Building Your Own Schema.org

Tony Seale
8 min readNov 11, 2022

How to invert the data integration problem within your organisation

by Tony Seale

Schema markup is a structured data vocabulary that helps search engines better understand the information on websites. However, this article is not about search engine optimisation; it is about optimising the way that you can integrate your own organisation's internal data.

Descending into the dark tunnel of data integration

Within most organisations, applications currently hold data hostage. From a birds-eye view, we can see that the organisation's information has become fractured and fragmented (scattered across thousands of separate databases) but it is very hard to see how we can ever put the pieces back together again. The sheer complexity is overwhelming.

If we are to move forward, we need to challenge some fundamental assumptions. For instance, so far we have assumed that the only way that we can integrate information is to bring it together in one big central store. Underlying this is the assumption that the responsibility for integrating data is always upon the consumer of that data. The problem with this method is that it cannot scale to the size of the modern data landscape.
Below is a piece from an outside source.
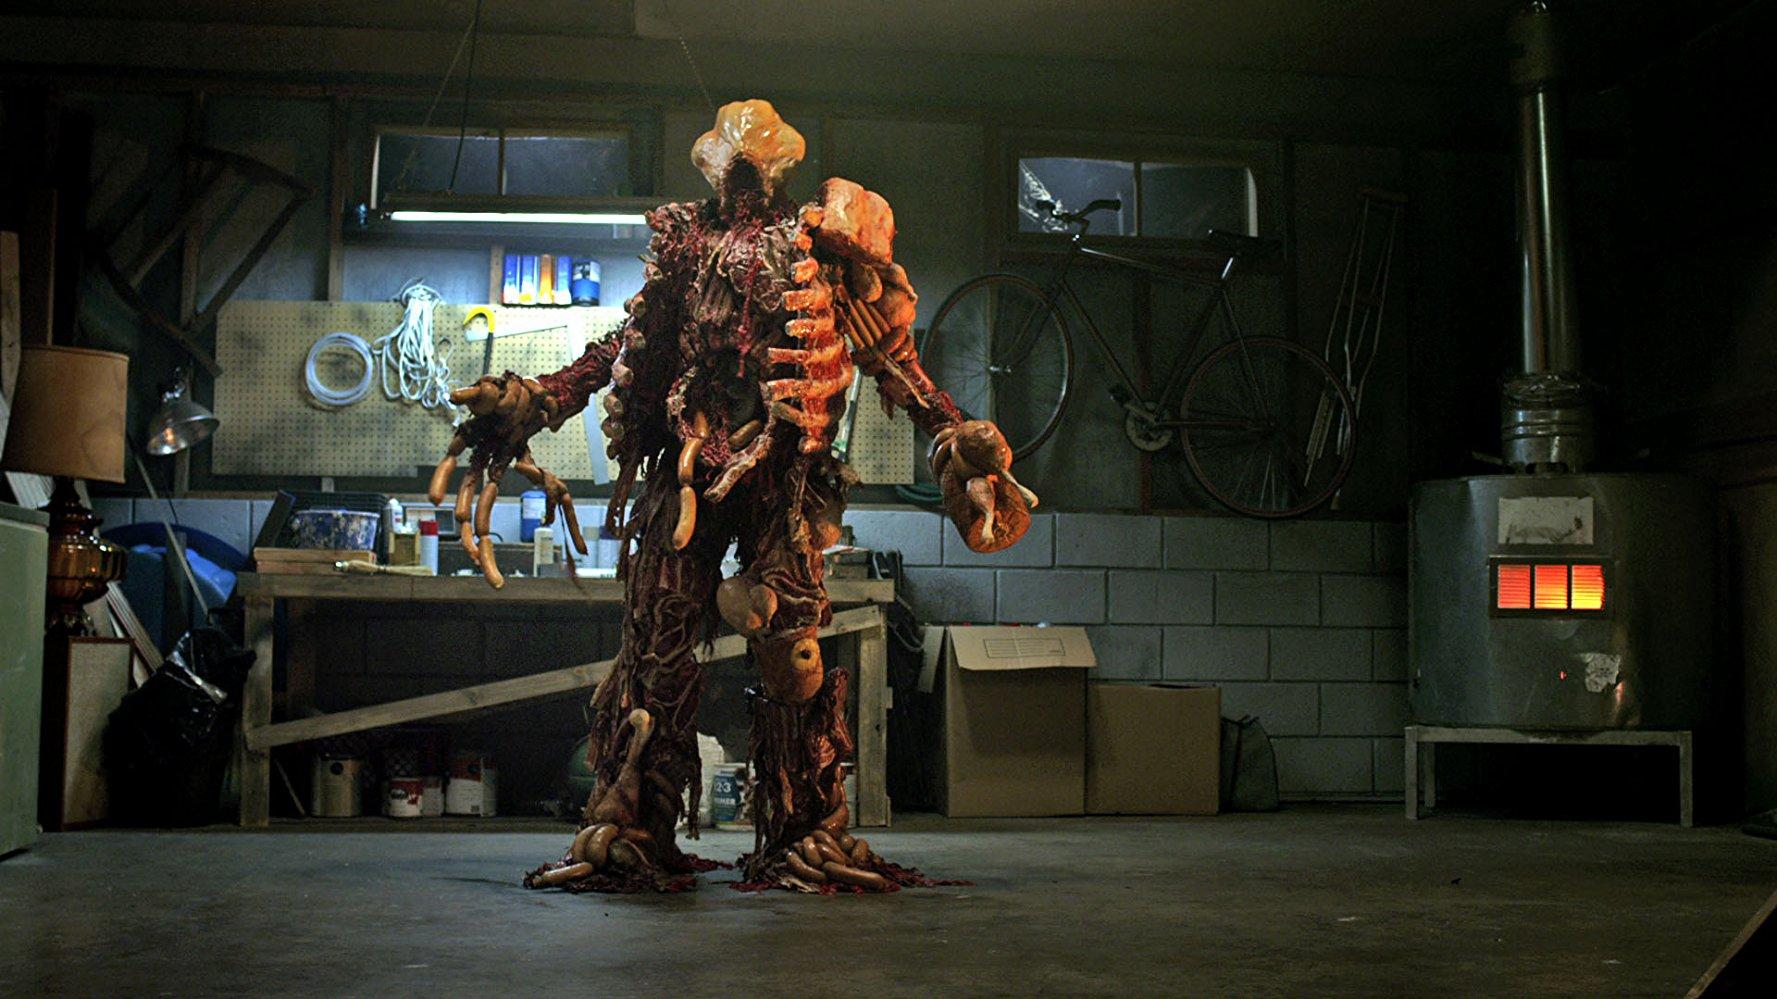 A demon takes bodily form made up of all the meat in a freezer in John Dies at the End (2012)
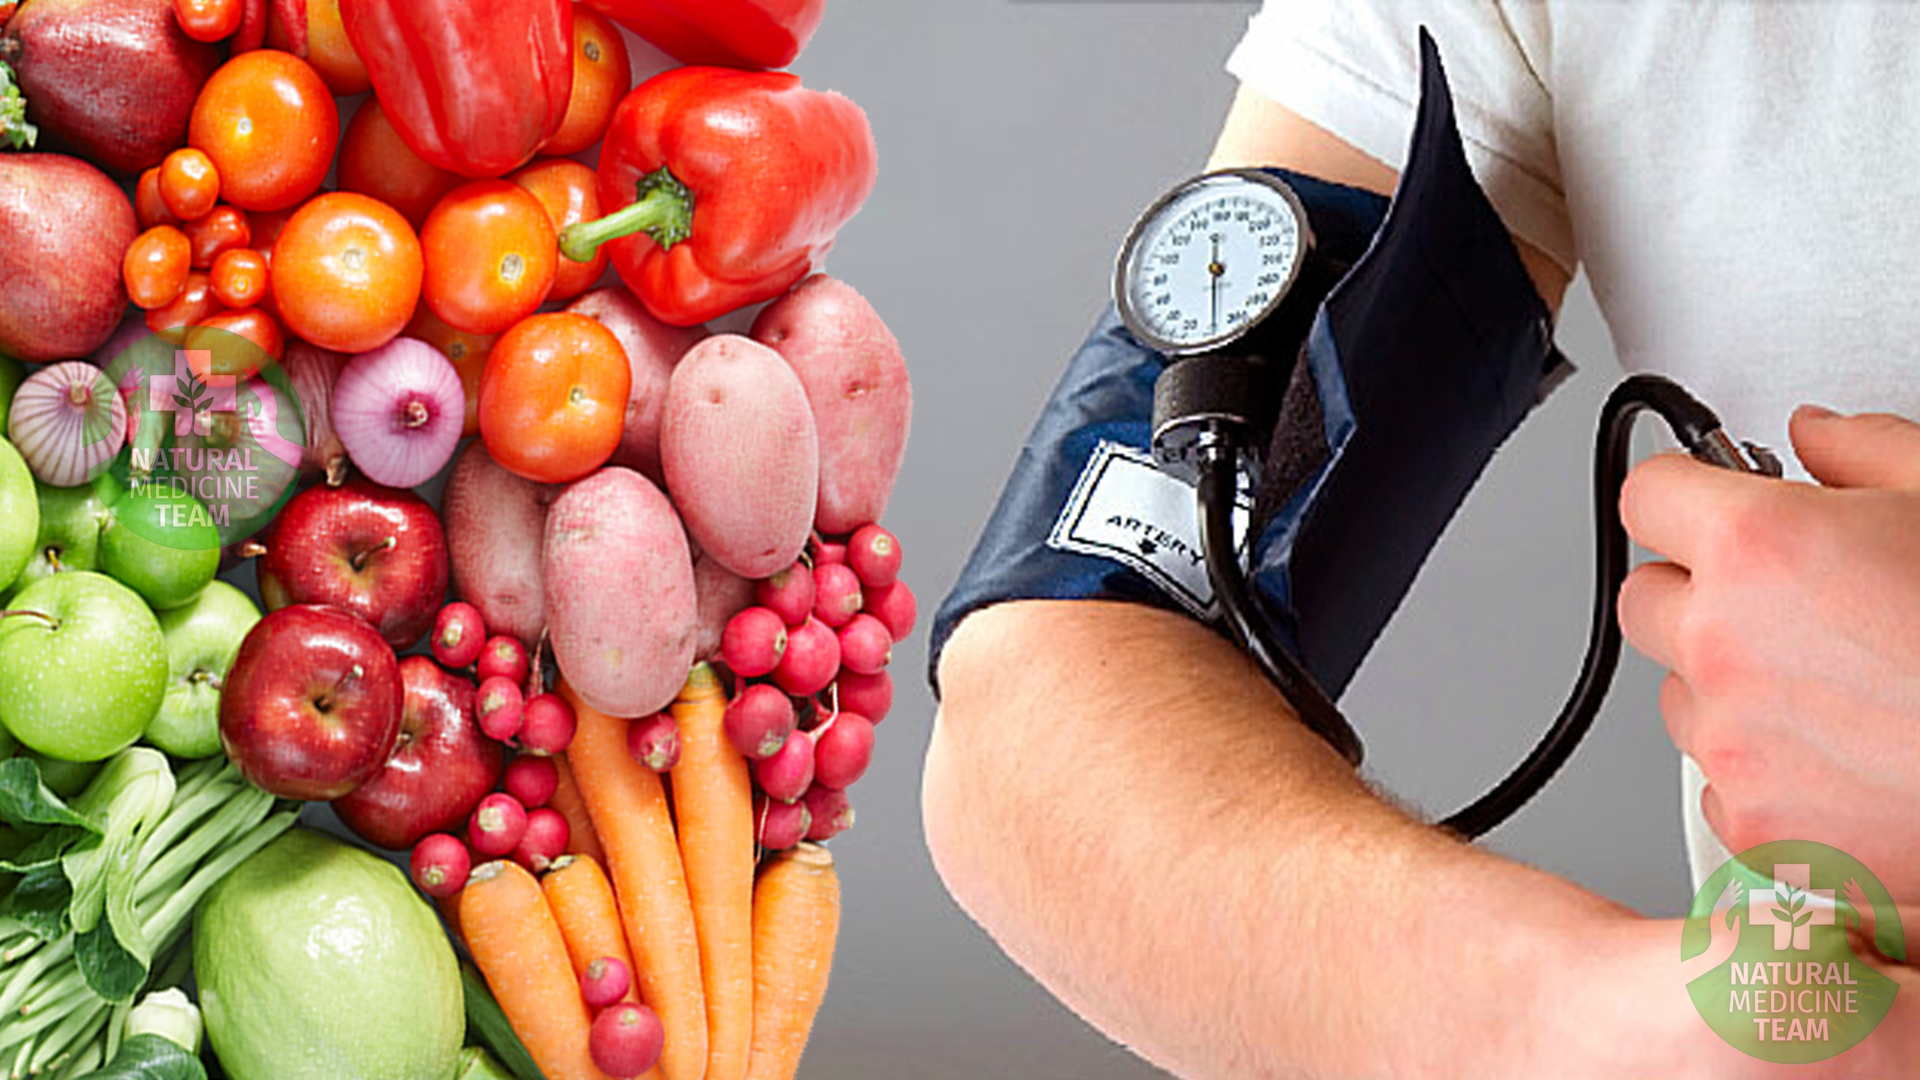 remedies for high blood pressure

To be clear, this is not a technical problem, you could quite easily dump all the data into a data lake. Rather it is a people problem: you can’t scale the human effort needed to connect and clean that data when using one central data team.

We appear to be stuck in an unhealthy feedback loop. Organisations have to add new applications whenever business opportunities arise, but as each new application is created the overall integrity of the organisation’s data degrades. The question is how do we escape this downward cycle? Well, perhaps schema.org could just provide the inspiration you are looking for.

Schema.org: web-scale data integration

schema.org is a website that models the concepts that are often searched for on the web. For example, it has a model for ‘people’, one for ‘films’ and another for ‘flights’.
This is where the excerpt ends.